> ABOUT THIS TASK
For this exercise, copy the data exactly and omit any images.

> COLLECTED DATA
= = = = = = =

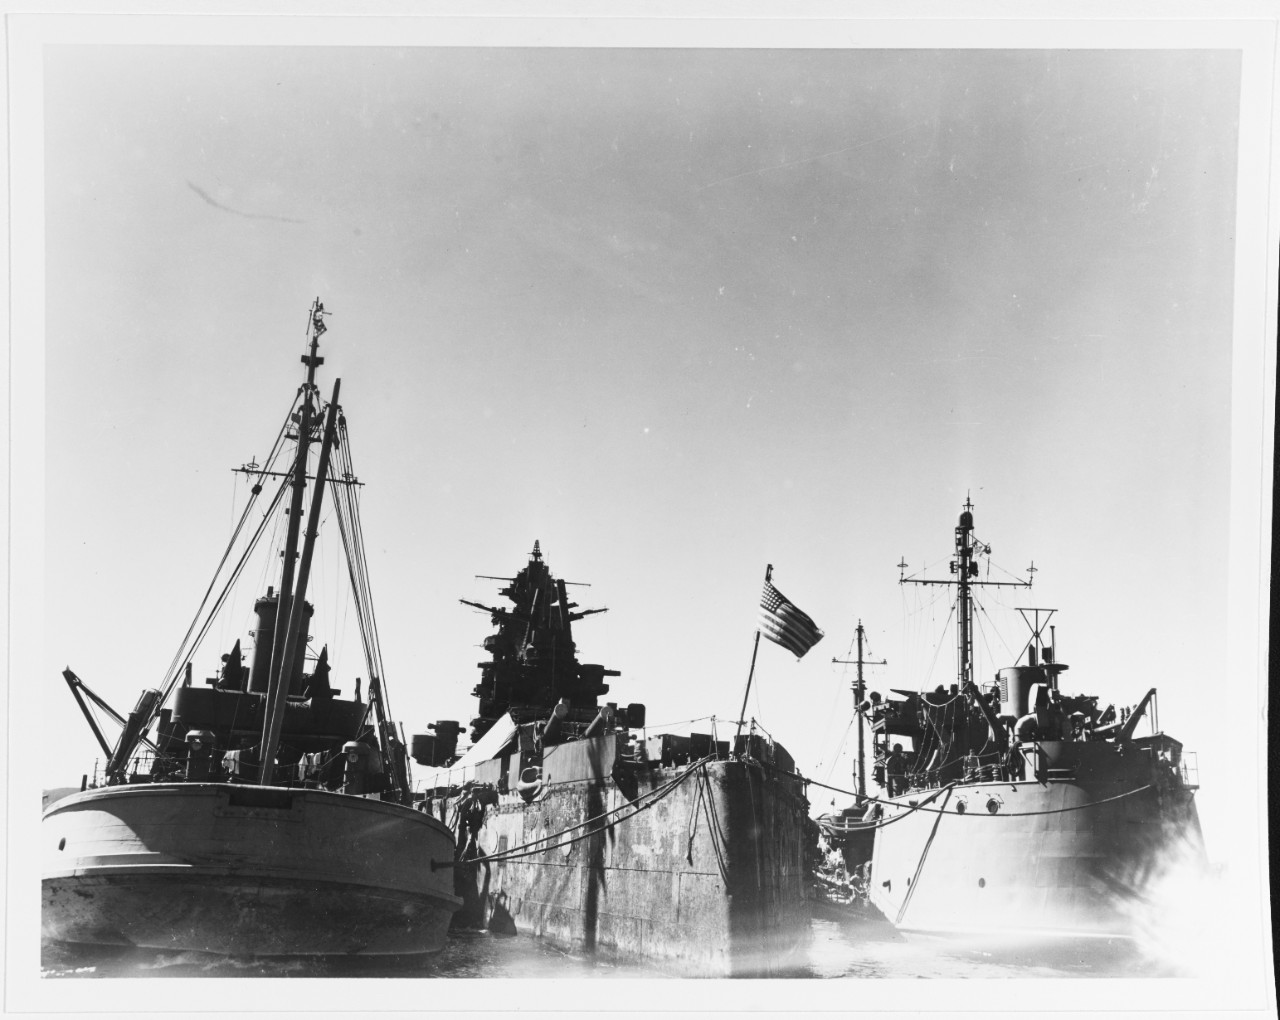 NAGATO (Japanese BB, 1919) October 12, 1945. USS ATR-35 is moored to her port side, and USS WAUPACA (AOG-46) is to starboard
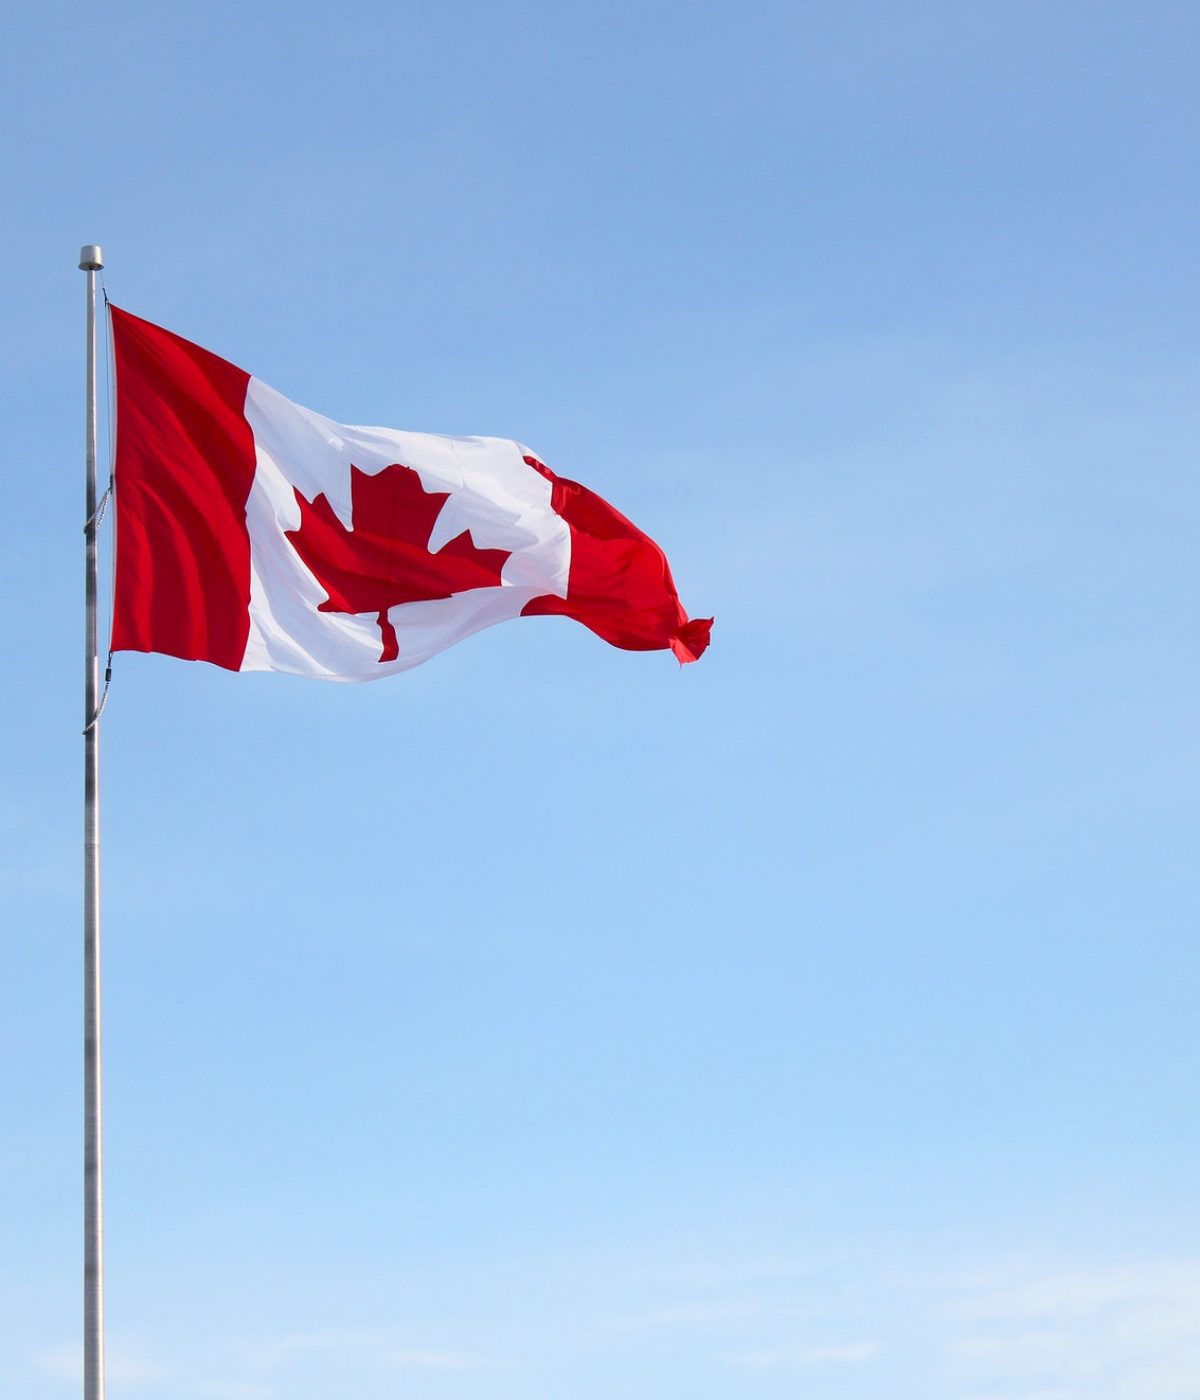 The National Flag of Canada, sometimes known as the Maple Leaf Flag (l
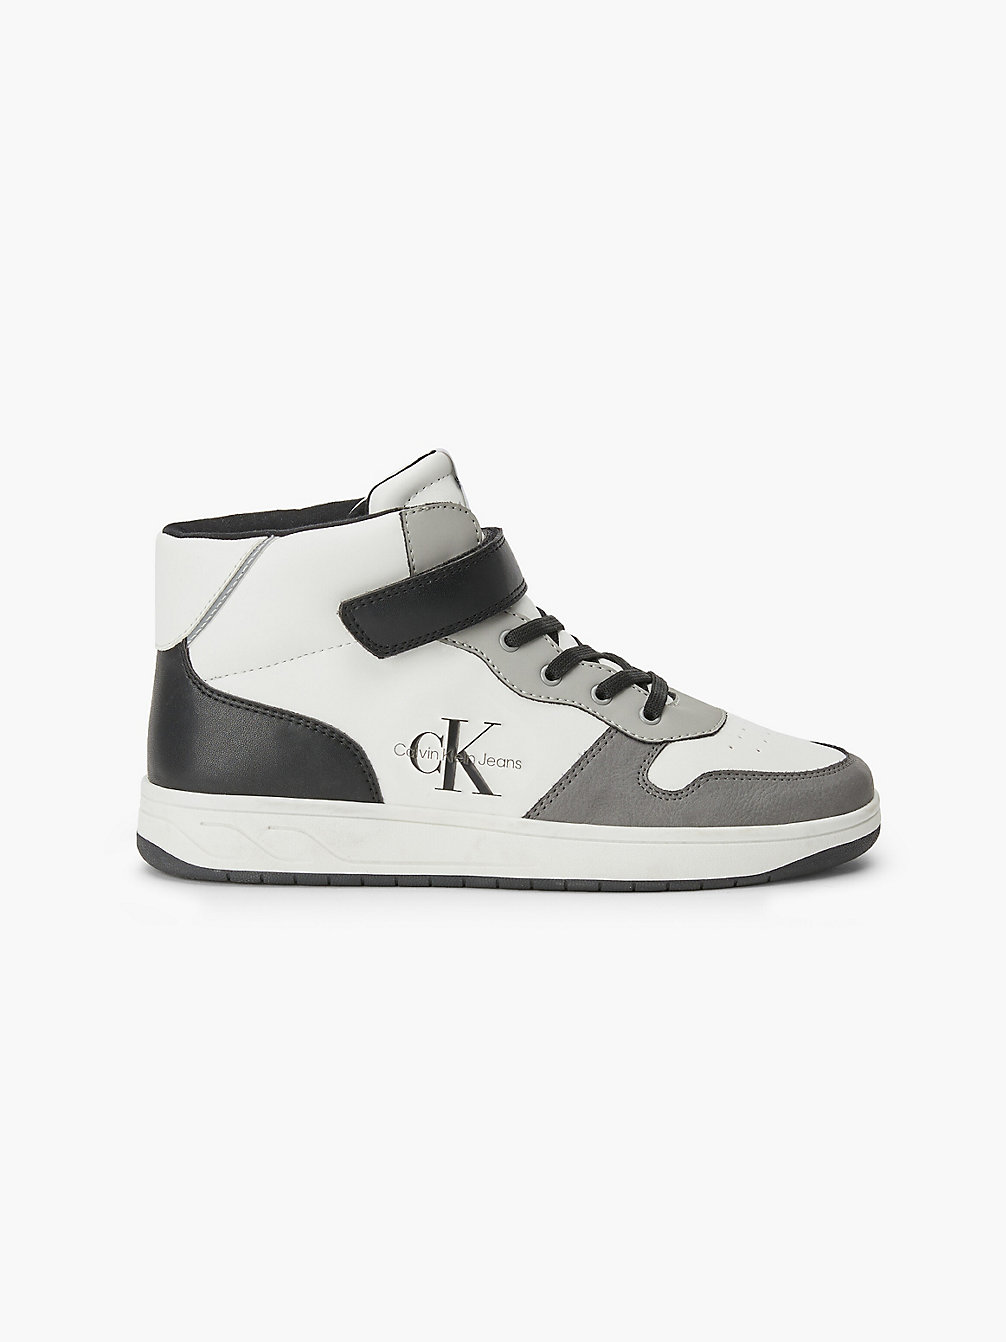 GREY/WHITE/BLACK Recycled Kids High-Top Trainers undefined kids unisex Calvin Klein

= = = = = = =

> RESPONSE BOX
 NAGATO (Japanese BB, 1919) October 12, 1945. USS ATR-35 is moored to her port side, and USS WAUPACA (AOG-46) is to starboard
 The National Flag of Canada, sometimes known as the Maple Leaf Flag (l
 GREY/WHITE/BLACK Recycled Kids High-Top Trainers undefined kids unisex Calvin Klein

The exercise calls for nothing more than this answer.